──────── Data shown

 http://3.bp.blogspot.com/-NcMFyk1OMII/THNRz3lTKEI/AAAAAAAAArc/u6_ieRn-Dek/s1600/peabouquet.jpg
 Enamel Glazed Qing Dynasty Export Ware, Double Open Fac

────────────────
──────── Data shown

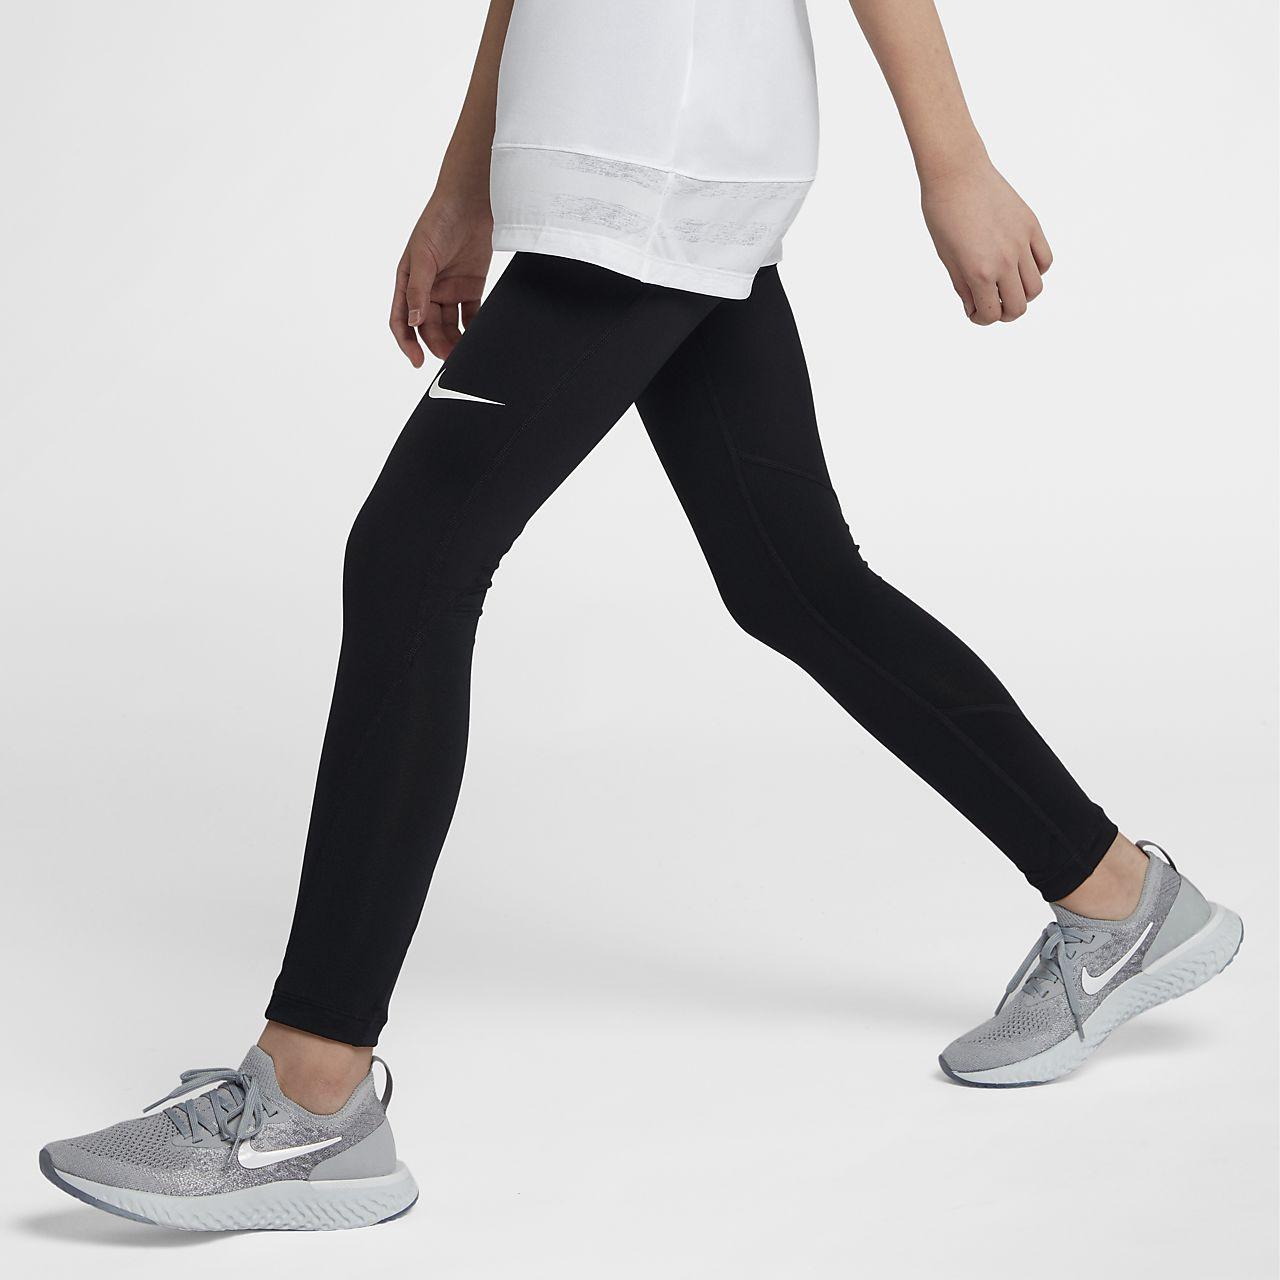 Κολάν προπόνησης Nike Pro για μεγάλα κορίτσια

────────────────
──────── Data shown

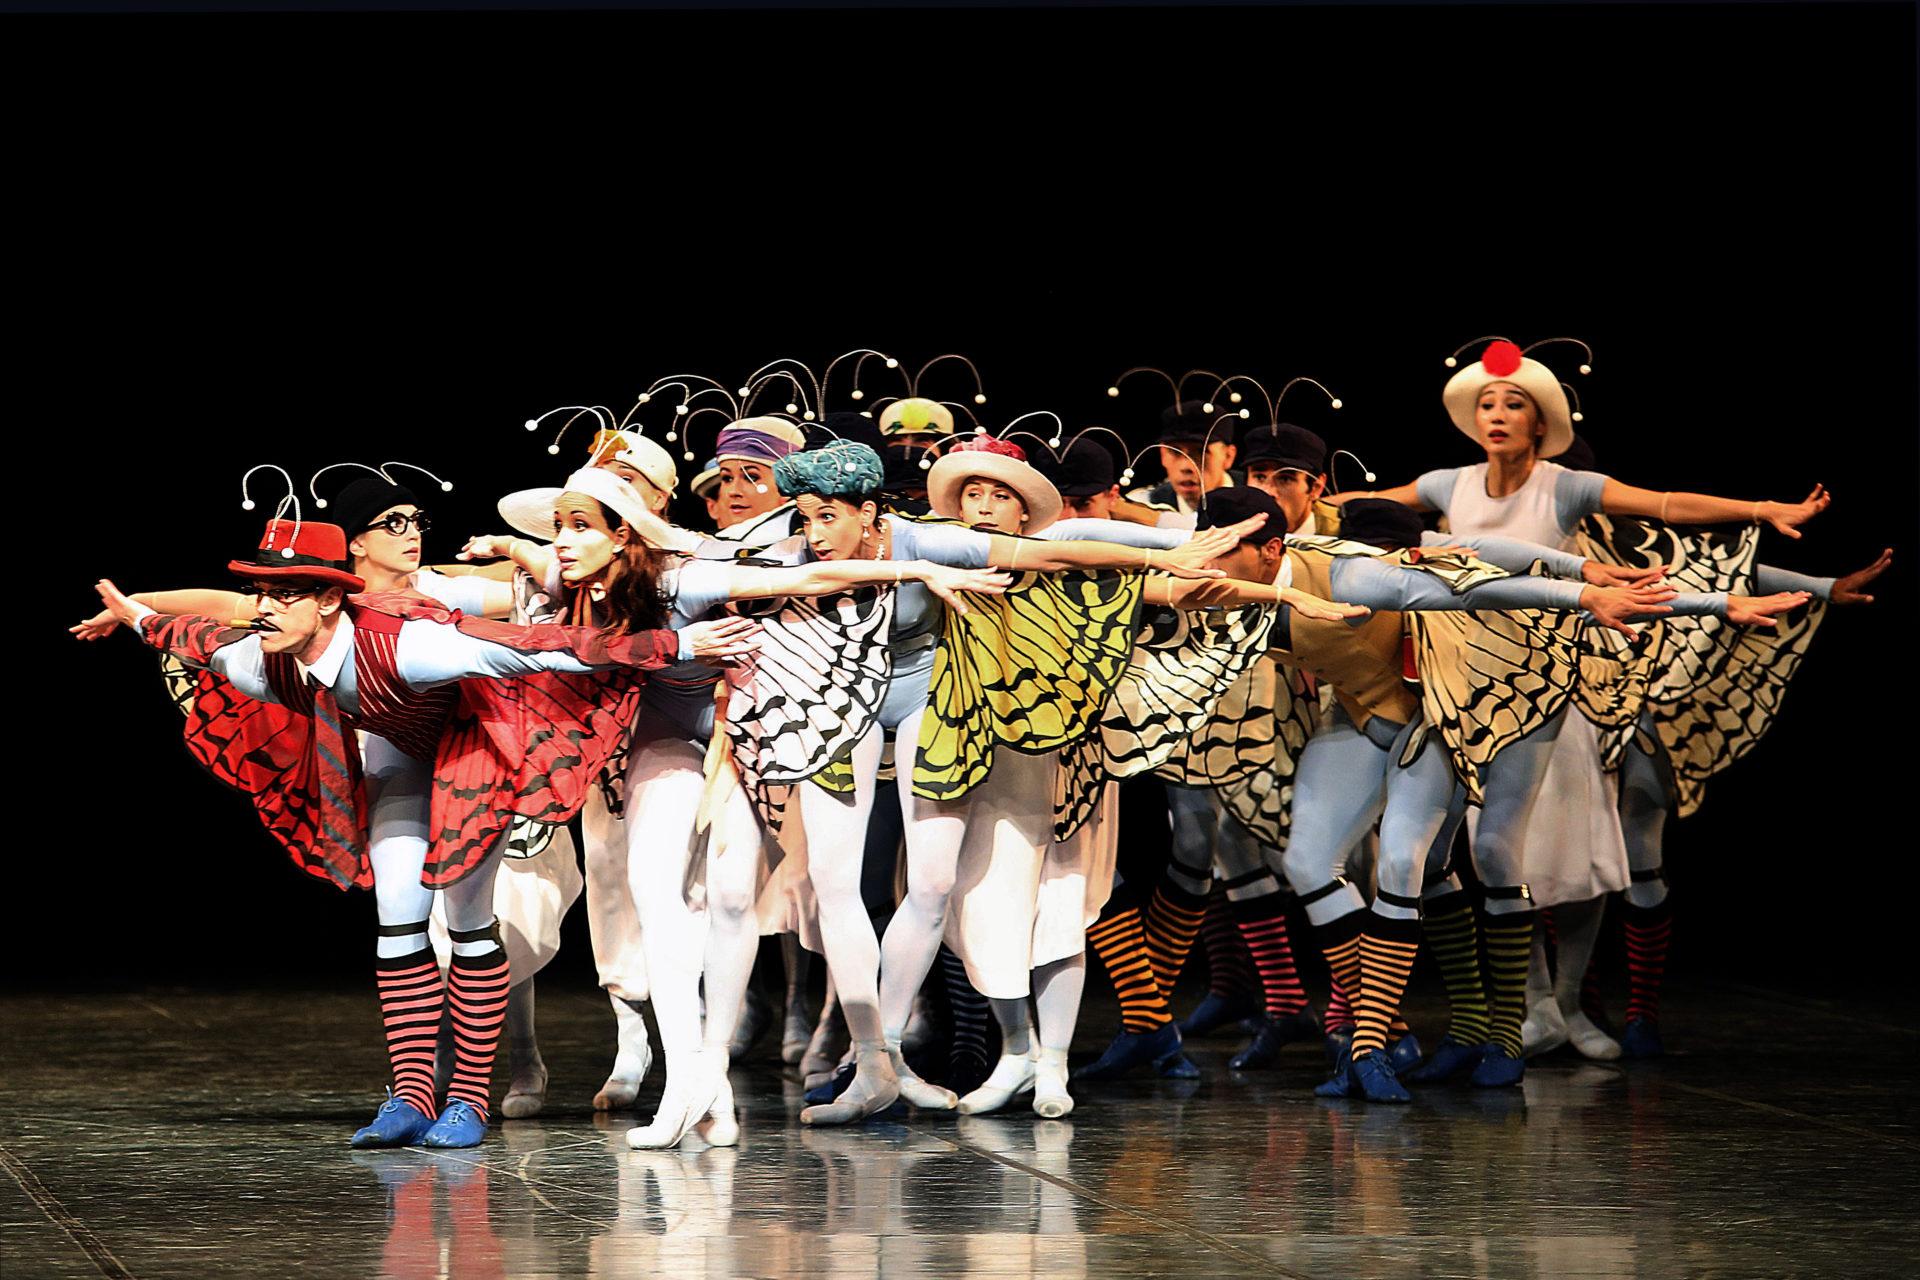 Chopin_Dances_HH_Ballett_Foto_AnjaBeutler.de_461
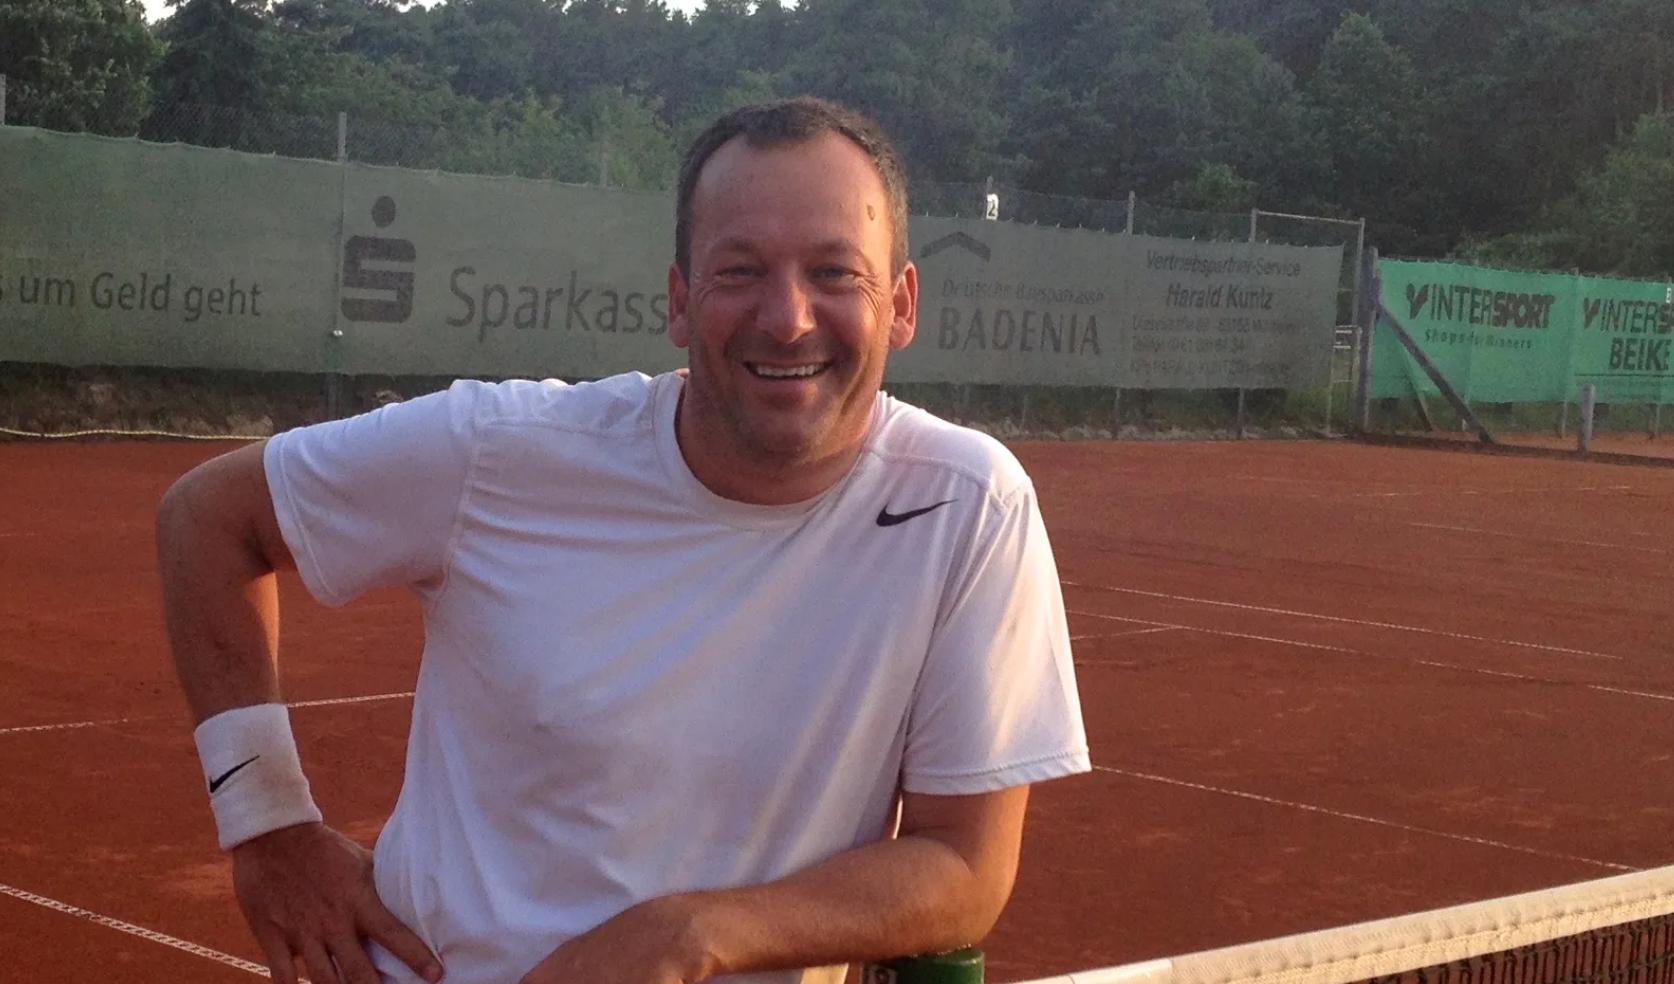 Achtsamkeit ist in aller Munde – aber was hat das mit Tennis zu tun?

────────────────

→ Exercise requirements: An exact copy is needed of the stretch above that opens with the line containing "Chopin_Dances_HH_Ballett_Foto_AnjaBeutler.de_461" and closes with the line containing "Achtsamkeit ist in"; the pictures are not part of it.

→ Answer to the problem:
 Chopin_Dances_HH_Ballett_Foto_AnjaBeutler.de_461
 Achtsamkeit ist in aller Munde – aber was hat das mit Tennis zu tun?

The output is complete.